By the late summer of 1961, the loss of skilled workers such as teachers, engineers, and doctors to the West reaches crisis levels in East Germany. On Aug. 12, 2,400 East Germans cross into West Berlin, the most in a single day. The next day, with the approval of Soviet Premier Nikita Khrushchev, East Germany builds a wall that would extend 27 miles through Berlin, dividing families and friends for the next 28 years. The wall would serve as an enduring symbol of the Cold War, used by presidents John Kennedy and Ronald Reagan to inspire a divided city.

1962: Cuban Missile Crisis

• Date: Oct.16-28

• Location: Multiple

When the United States learns that the Soviet Union is building nuclear missile installations 90 miles south of Miami in communist Cuba, the Kennedy administration starts a naval blockade around the island, which is at times tested, and Kennedy demands the removal of the missiles.The standoff is widely considered to be the closest the two nuclear superpowers come to direct military confrontation. Cooler heads prevail. The Soviet Union offers to remove the missiles in exchange for a guarantee that the United States will not invade Cuba. In secret, the administration also agrees to withdraw U.S. missiles from Turkey.

1963: JFK Assassinated

• Date: Nov. 22

• Location: Dallas

As President John F. Kennedy prepares for his re-election bid, he embarks on a multi-state tour starting in September 1963. He is murdered by a sharpshooter’s bullet fired by Lee Harvey Oswald at about 12:30 p.m. as his motorcade passed through Dealey Plaza in Dallas. Oswald himself is murdered two days later by nightclub owner Jack Ruby.
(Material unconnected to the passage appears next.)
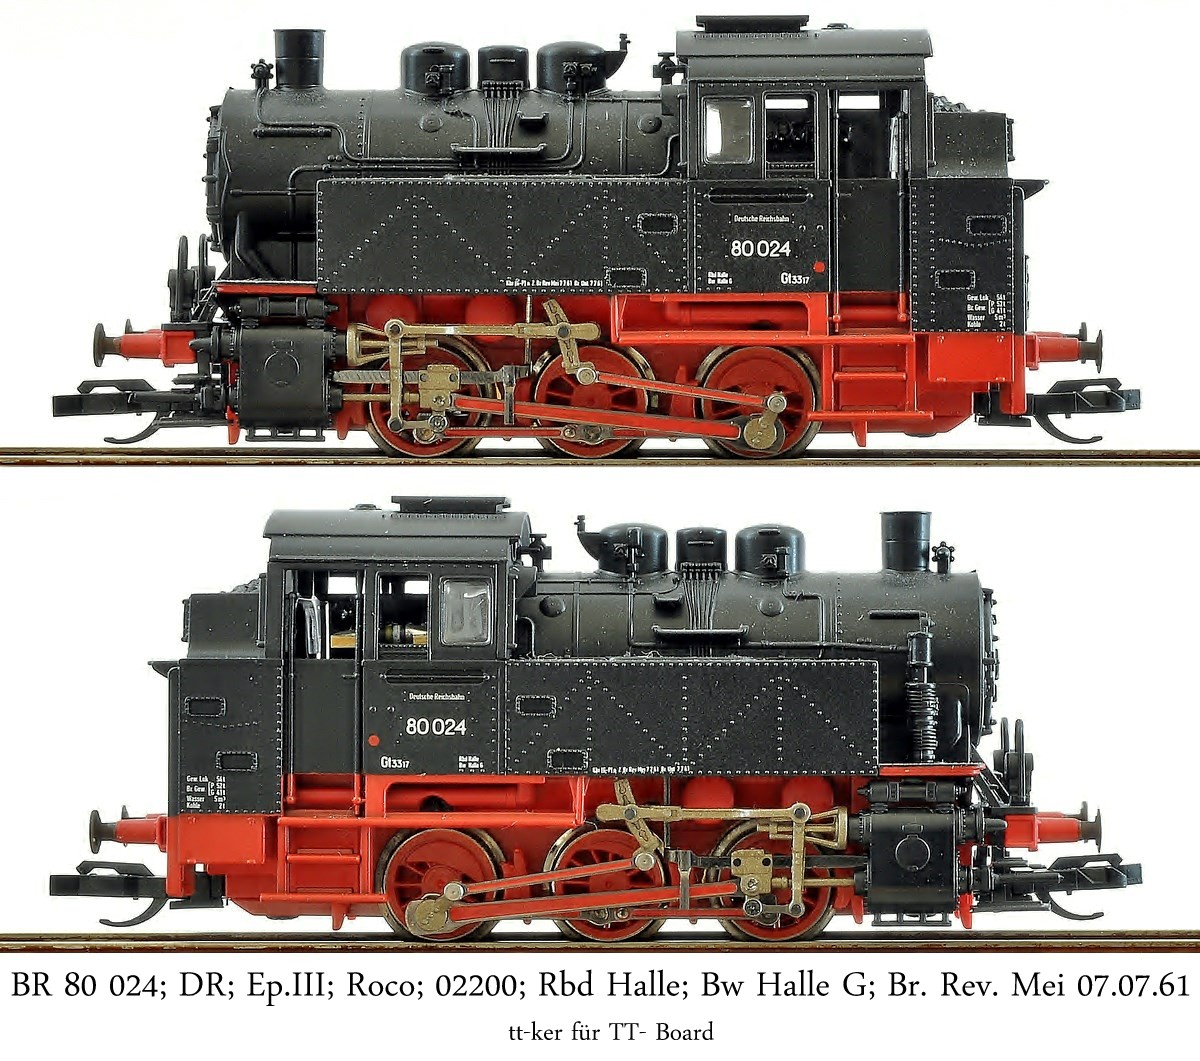 BR 80 024; DR; Ep.III; Roco; 02200; Rbd Halle; Bw Halle G; Br. Rev. 07.07.61

1964: LBJ's "War on Poverty"

• Date: Jan. 8

• Location: Washington D.C.

Bogged down by the Vietnam War, President Lyndon B. Johnson struggles constantly to pivot away from the war to focus on his stated goals of reducing poverty, ending segregation, and establishing the social programs many Americans rely on to this day, including the immensely popular Medicare program. During his “War on Poverty” State of the Union Address of Jan. 8, 1964, LBJ outlines the need for the country to reduce poverty, end racial discrimination, attend to the health needs of the elderly, and other progressive goals. Later achievements during LBJ’s administration are the Civil Rights Act of 1964 and the Social Security Amendments of 1965.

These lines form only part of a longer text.